I threw a few dozen puzzles at it, trying to pull ones that were hard both for humans and, ostensibly, for machines, but I never saw it take more than a couple seconds, and that in the most degenerate "had to try every possible permutation" cases. Hence why I really wish I'd kept the code to throw that one at.
That doesn't seem any different than the algorithm my solver uses. From what a sibling poster commented, it looks like the thing that causes the trouble is that the square that makes it unsolvable basically lets you solve it down to just that square in many different ways, which then just ends up with you enumerating an absolutely enormous state space because the solvers don't have enough tricks built in to recognize it as an unsolvable board from the start.
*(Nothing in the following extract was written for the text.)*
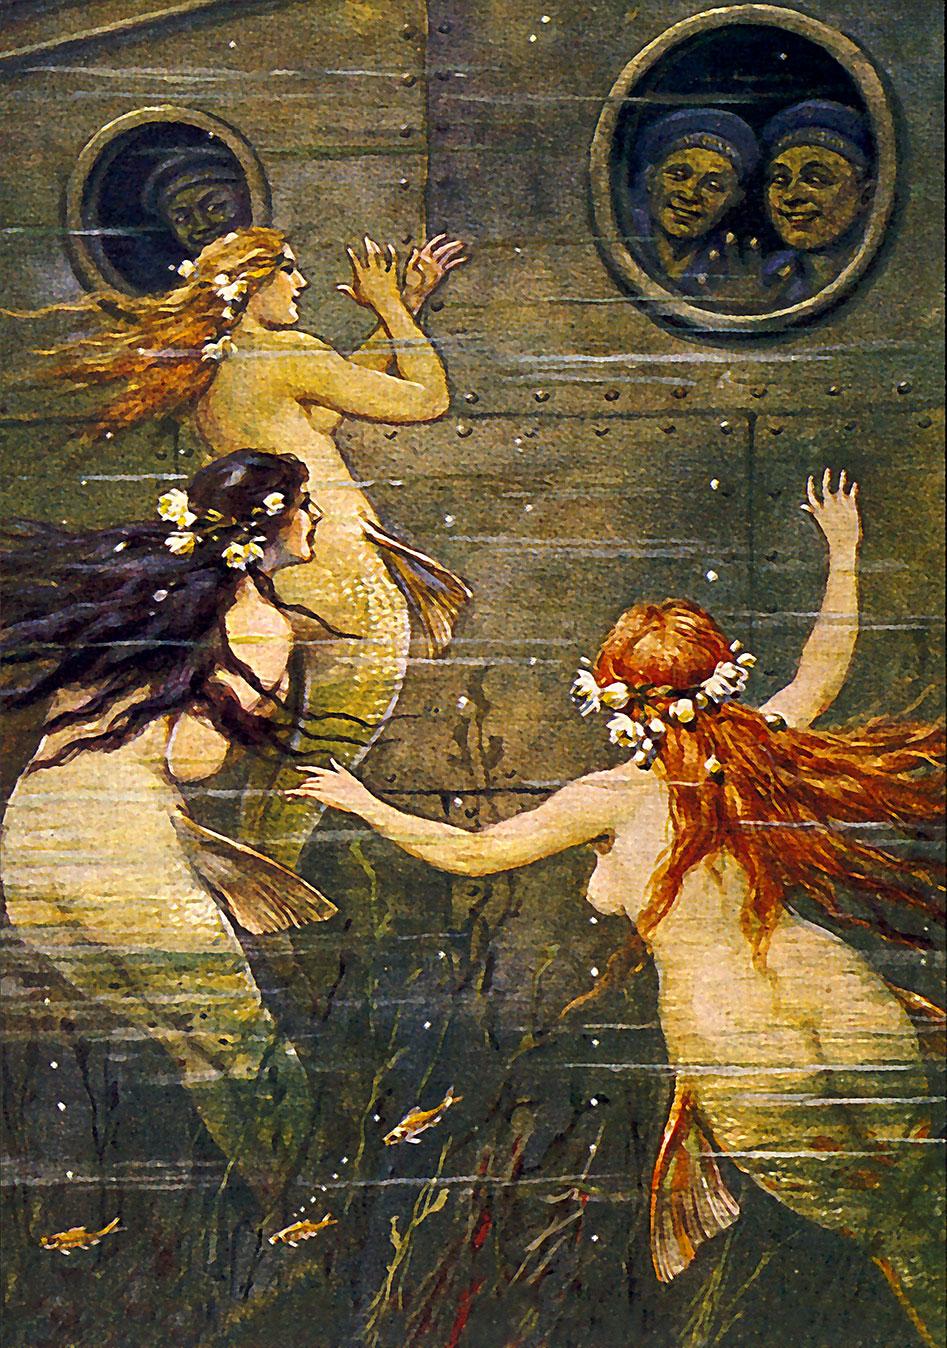 Three mermaids waving at sub crew.

Right; I am saying it's different than the original post's because it -could- handle unsolvable boards (maybe I misread; it sounded like that was an unhandled case in it).
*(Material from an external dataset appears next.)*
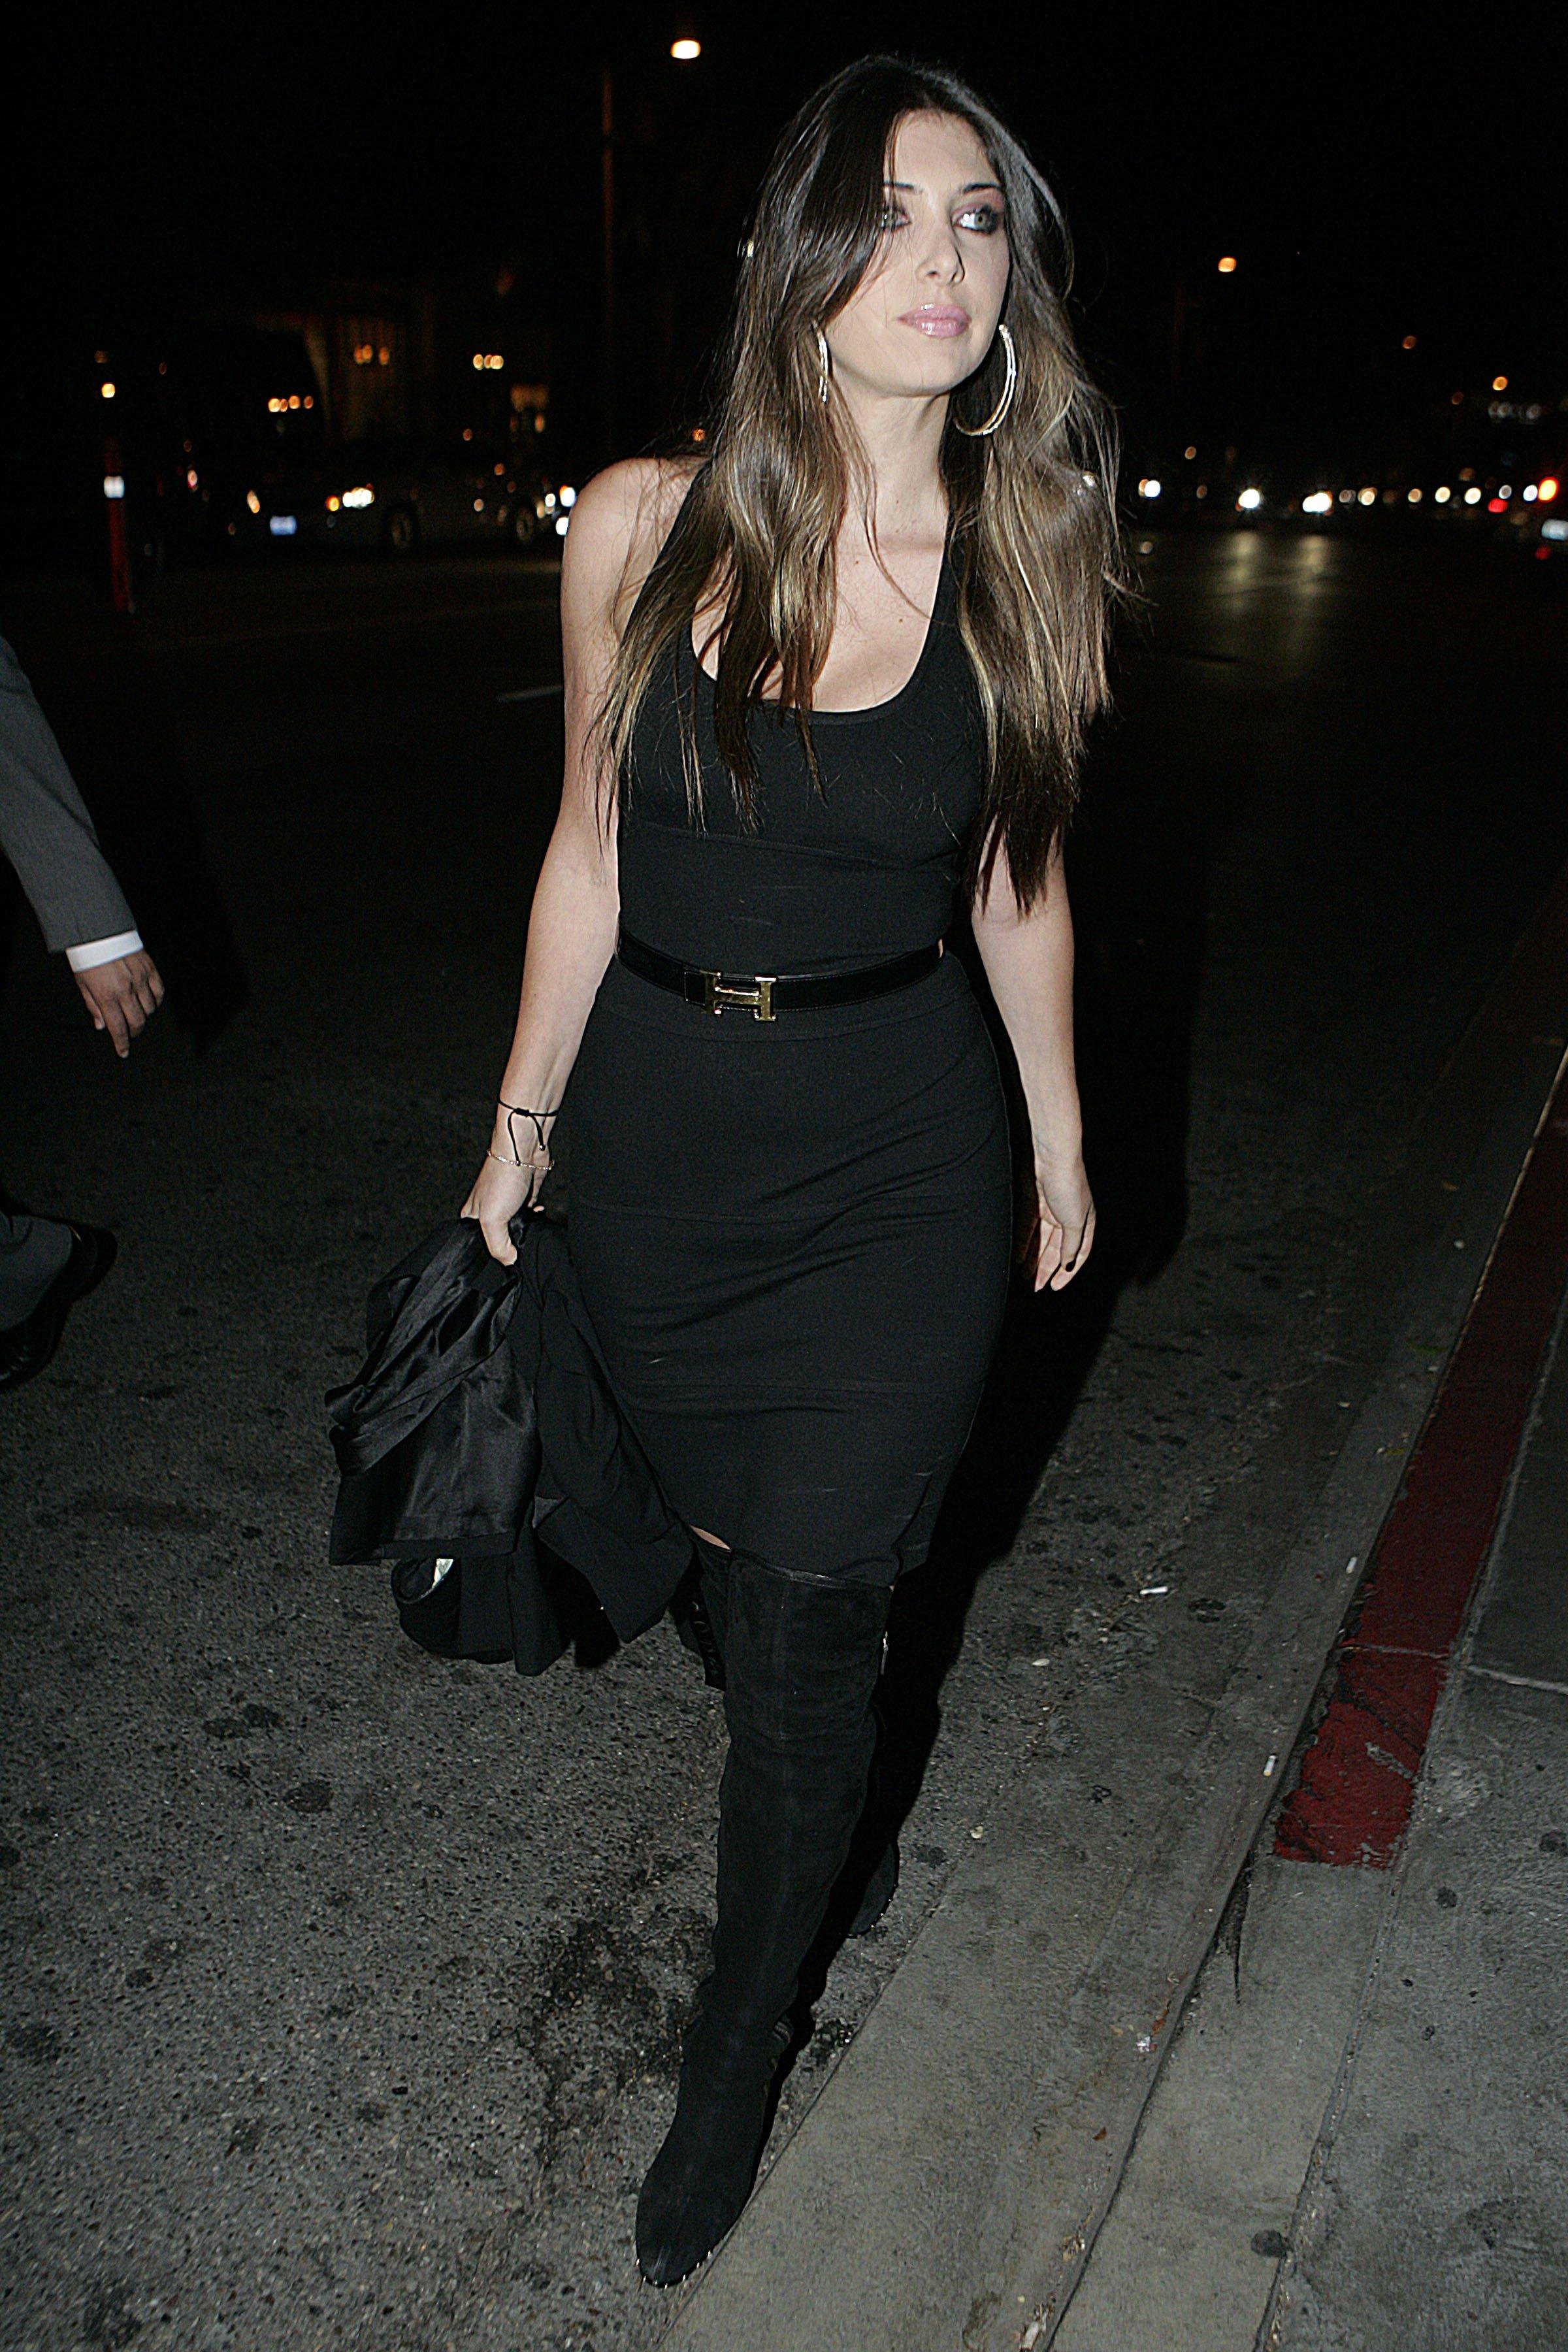 71350_celebrity-paradise.com-The_Elder-Brittny_Gastineau_2009-10-19_-_STK_Restaurant_in_Los_Angeles_633_122_195lo.JPG

I knew that there could be degenerate cases like that that would cause it to take O(n!) time, but the ones that I ran into still didn't take -that- long, which was what surprised me.
I guess you should be able to verify pretty easily that the solution he posted is valid, right? But I guess he didn't actually post the solution his code came up with, so who knows...
Oh that explains everything. That's what I get for being too lazy and not reading the fine print I feel happy now at the fact that my solver is about 2 orders of magnitude faster than his!
It's trivial to know that it has more than one possible solution since less than 8 of the possible numbers are on the initial board meaning any valid solution that is found has a mirrored solution with all of one number swapped for all of another number.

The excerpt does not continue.